All matrices appear in column-major order. See
:ref:`Wavefunction <json_schema_wavefunction>`
section below.
======================= ============ ============ ==================================================
.. _json_schema_properties:
Properties Subschema
^^^^^^^^^^^^^^^^^^^^
The ``properties`` dict contains named properties of quantum chemistry computations. Due to the
variability possible for the contents of an output file, IOData does not guess at which properties
are desired by the user, and stores all properties in the ``extra["output]["properties"]`` dict for
easy retrieval. The current QCSchema standard provides names for the following properties:
======================================== ===========================================================
Field Description
======================================== ===========================================================
calcinfo_nbasis The number of basis functions for the computation.
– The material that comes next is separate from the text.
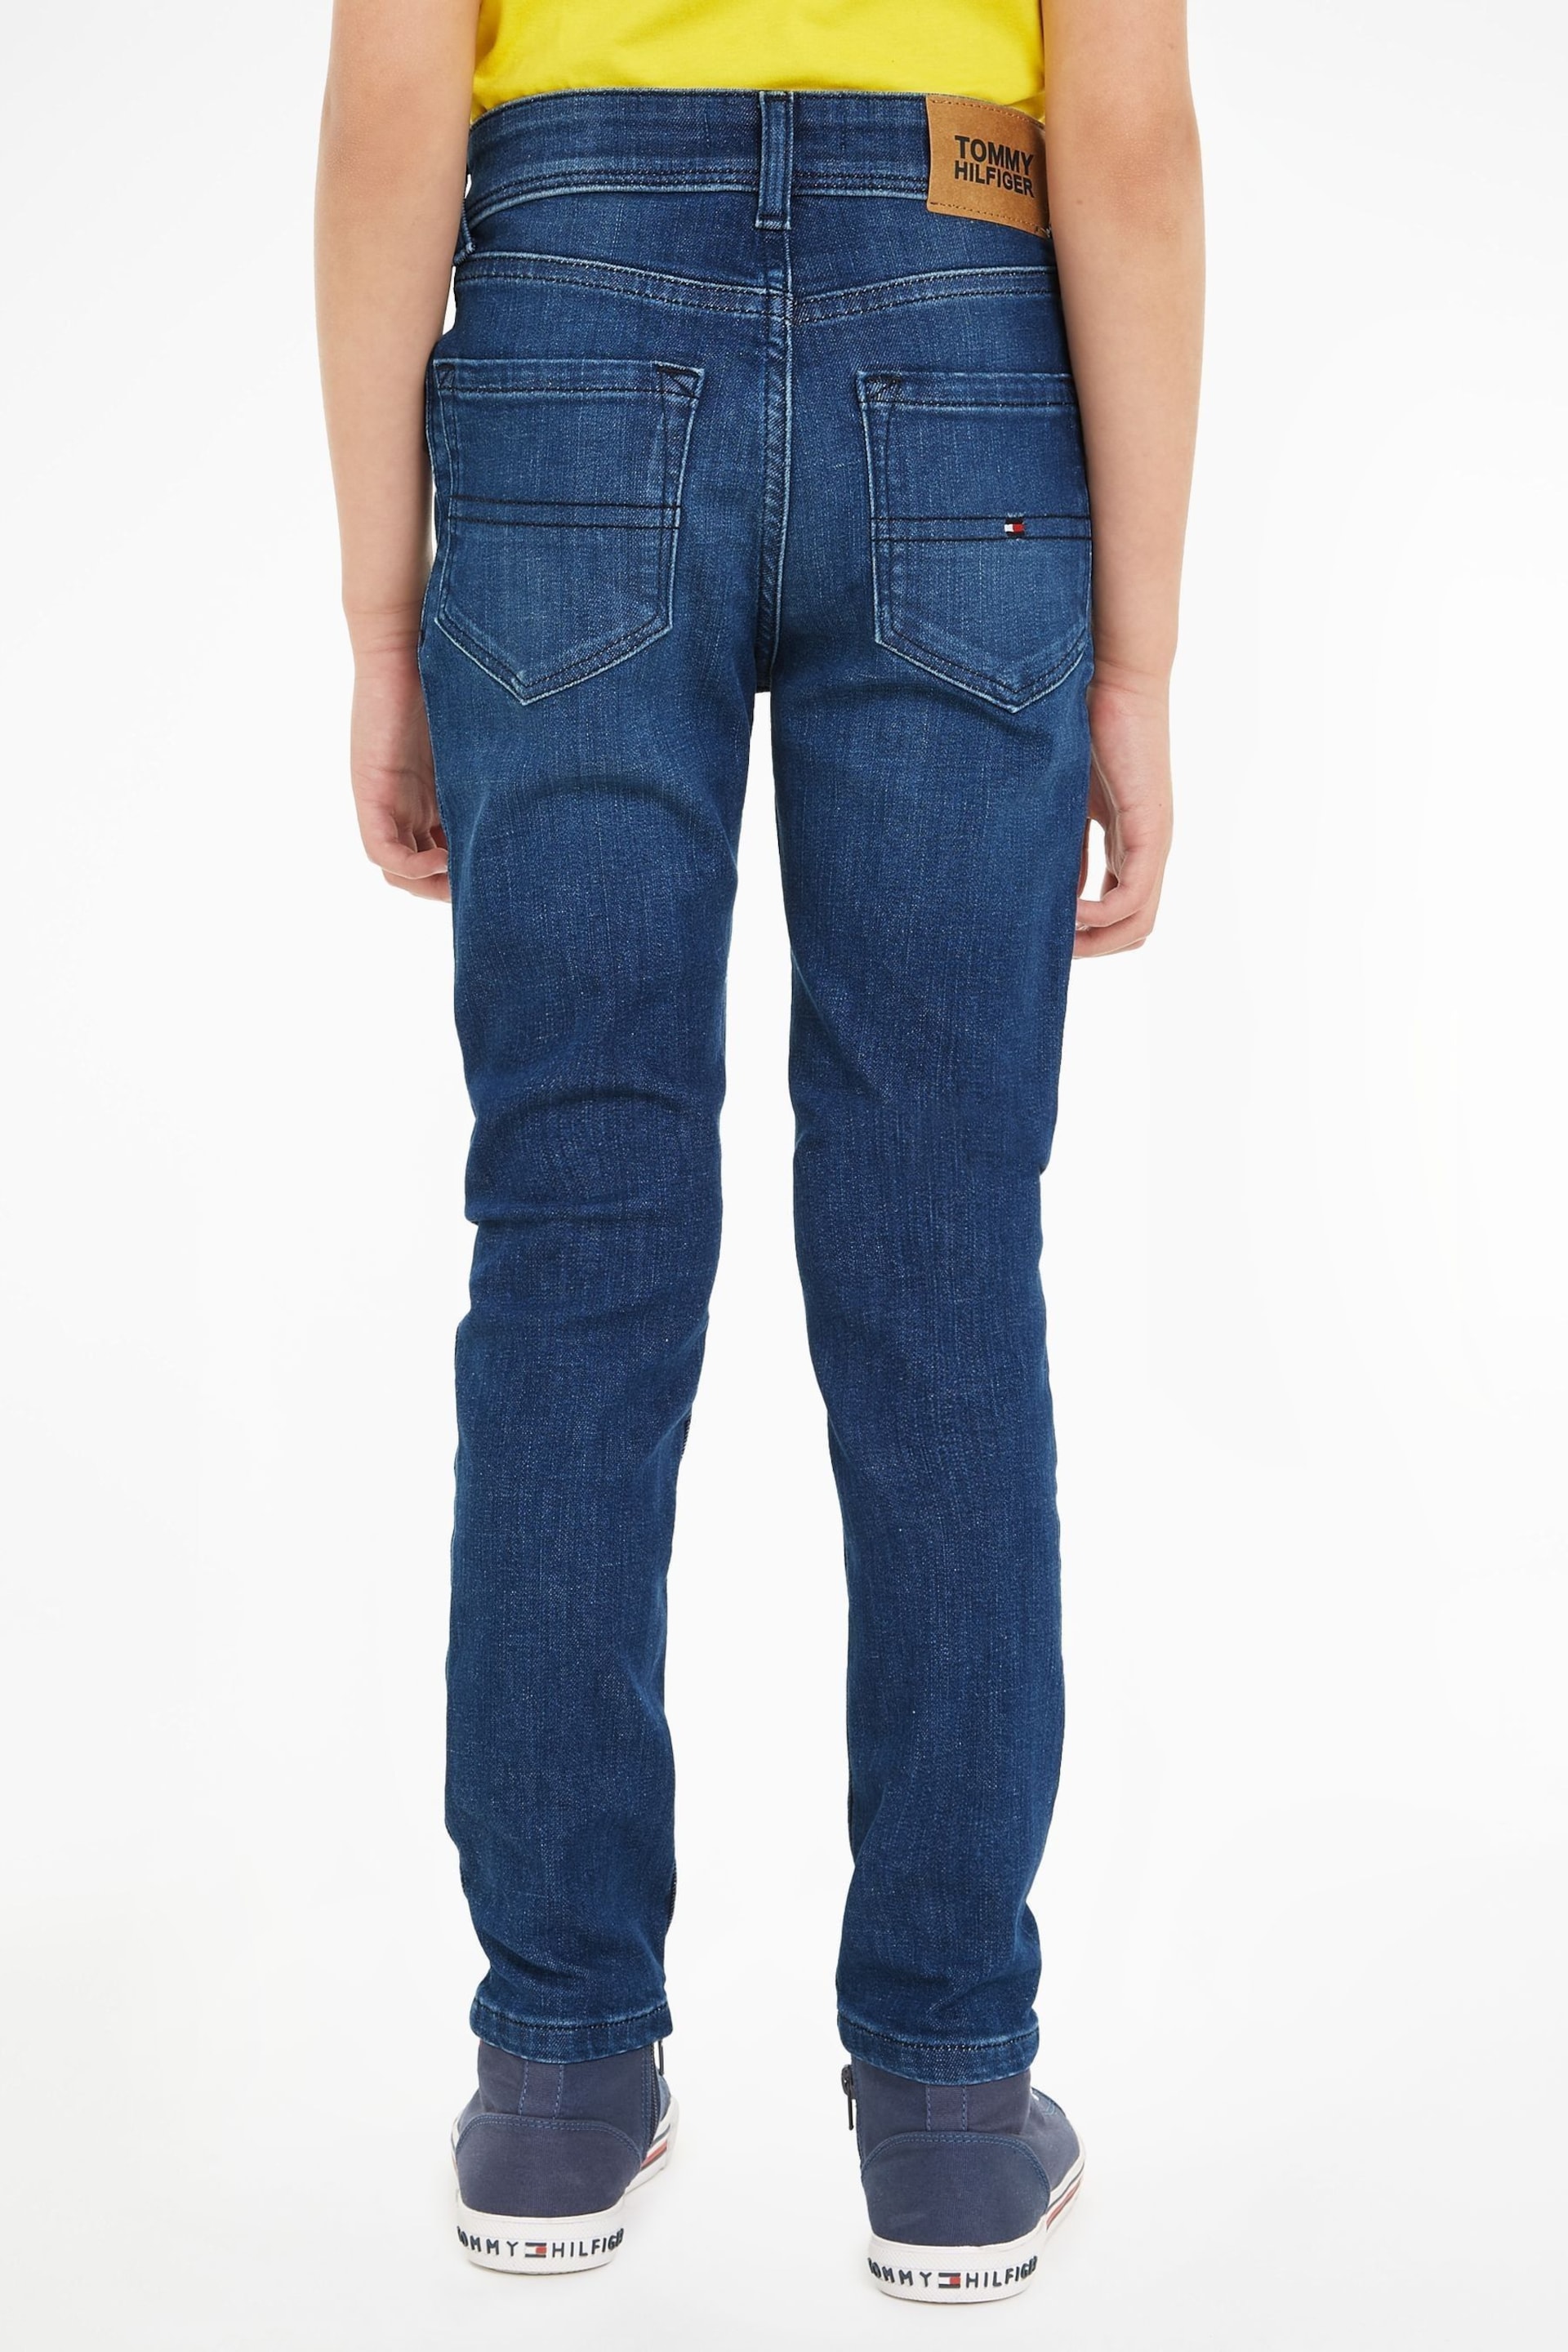 Tommy Hilfiger Blue Scanton Jeans - Image 2 of 6
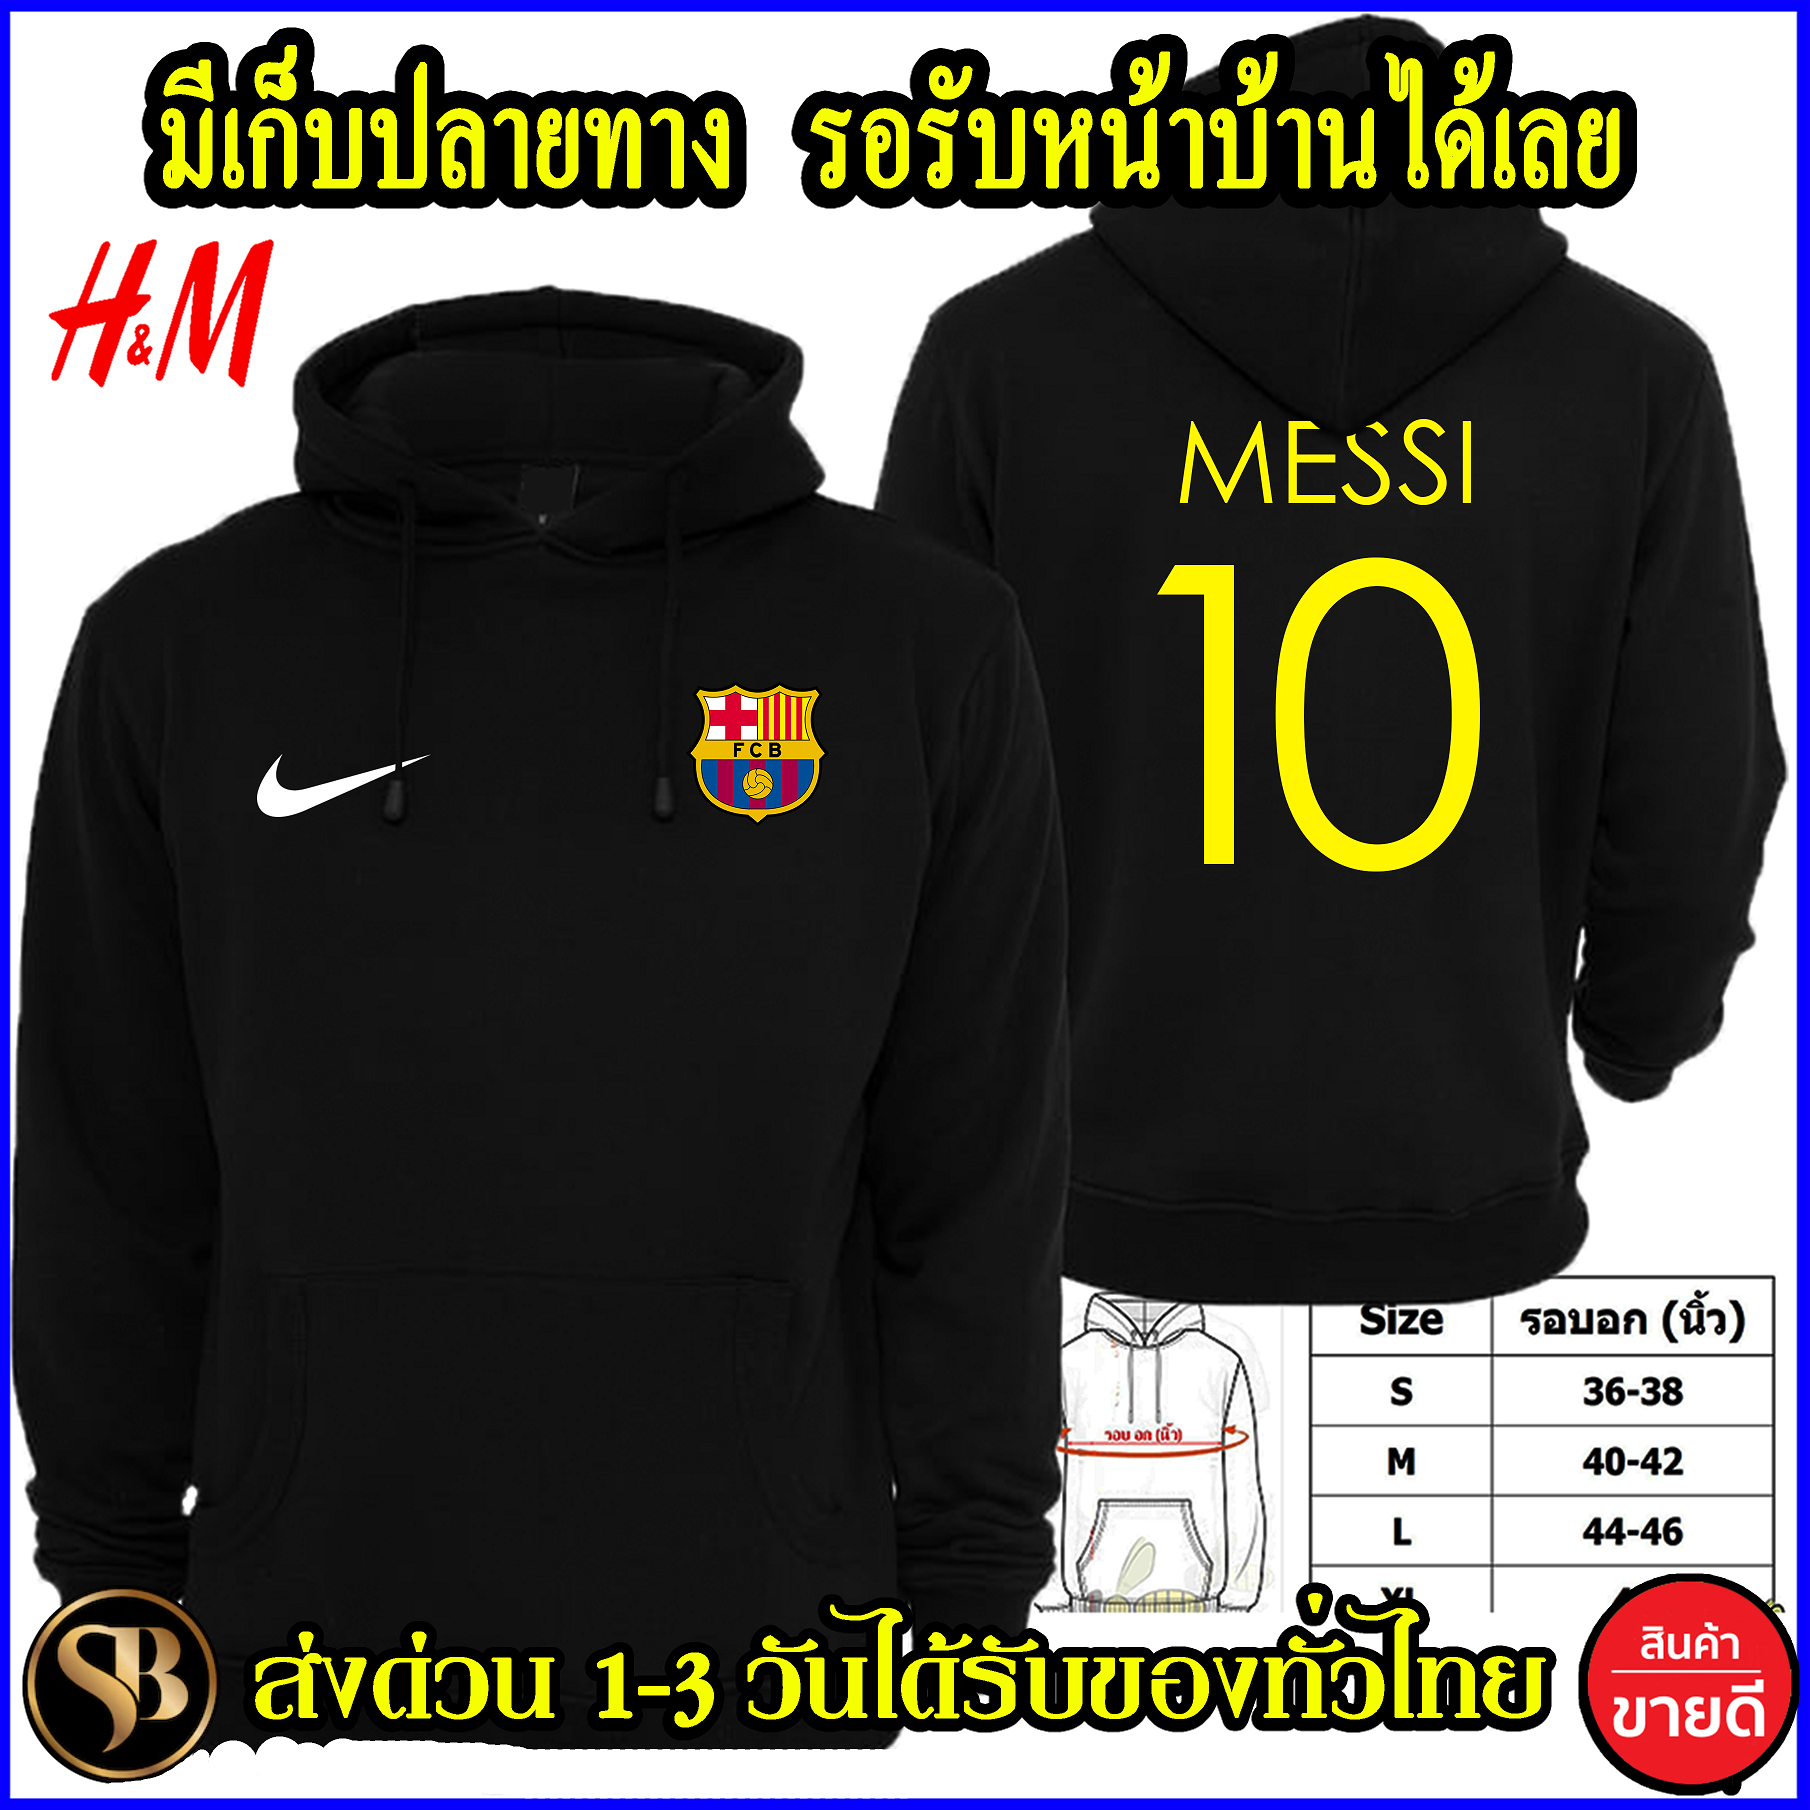 บาร์เซโลนา เสื้อฮู้ด Messi งาน H&M โลโก้สีสด HOODIE แบบซิป สวม สกรีนแบบเฟล็ก PU สวยสดไม่แตกไม่ลอก ส่งด่วนทั่วไทย

calcinfo_nmo The number of molecular orbitals for the computation.
calcinfo_nalpha The number of alpha electrons in the computation.
calcinfo_nbeta The number of beta electrons in the computation.
calcinfo_natom The number of atoms in the computation.
nuclear_repulsion_energy The nuclear repulsion energy term.
return_energy The energy of the requested method, identical to
``return_value`` for energy computations.
scf_one_electron_energy The one-electron (core Hamiltonian) energy contribution to
the total SCF energy.
scf_two_electron_energy The two-electron energy contribution to the total SCF
energy.
scf_vv10_energy The VV10 functional energy contribution to the total SCF
energy.
scf_xc_energy The functional (XC) energy contribution to the total SCF
energy.
scf_dispersion_correction_energy The dispersion correction appended to an underlying
functional when a DFT-D method is requested.
scf_dipole_moment The X, Y, and Z dipole components.
scf_total_energy The total electronic energy of the SCF stage of the
calculation.
scf_iterations The number of SCF iterations taken before convergence.
mp2_same_spin_correlation_energy The portion of MP2 doubles correlation energy from
same-spin (i.e. triplet) correlations.
mp2_opposite_spin_correlation_energy The portion of MP2 doubles correlation energy from
opposite-spin (i.e. singlet) correlations.
mp2_singles_energy The singles portion of the MP2 correlation energy. Zero
except in ROHF.
mp2_doubles_energy The doubles portion of the MP2 correlation energy including
same-spin and opposite-spin correlations.
mp2_total_correlation_energy The MP2 correlation energy.
mp2_correlation_energy The MP2 correlation energy.
mp2_total_energy The total MP2 energy (MP2 correlation energy + HF energy).
mp2_dipole_moment The MP2 X, Y, and Z dipole components.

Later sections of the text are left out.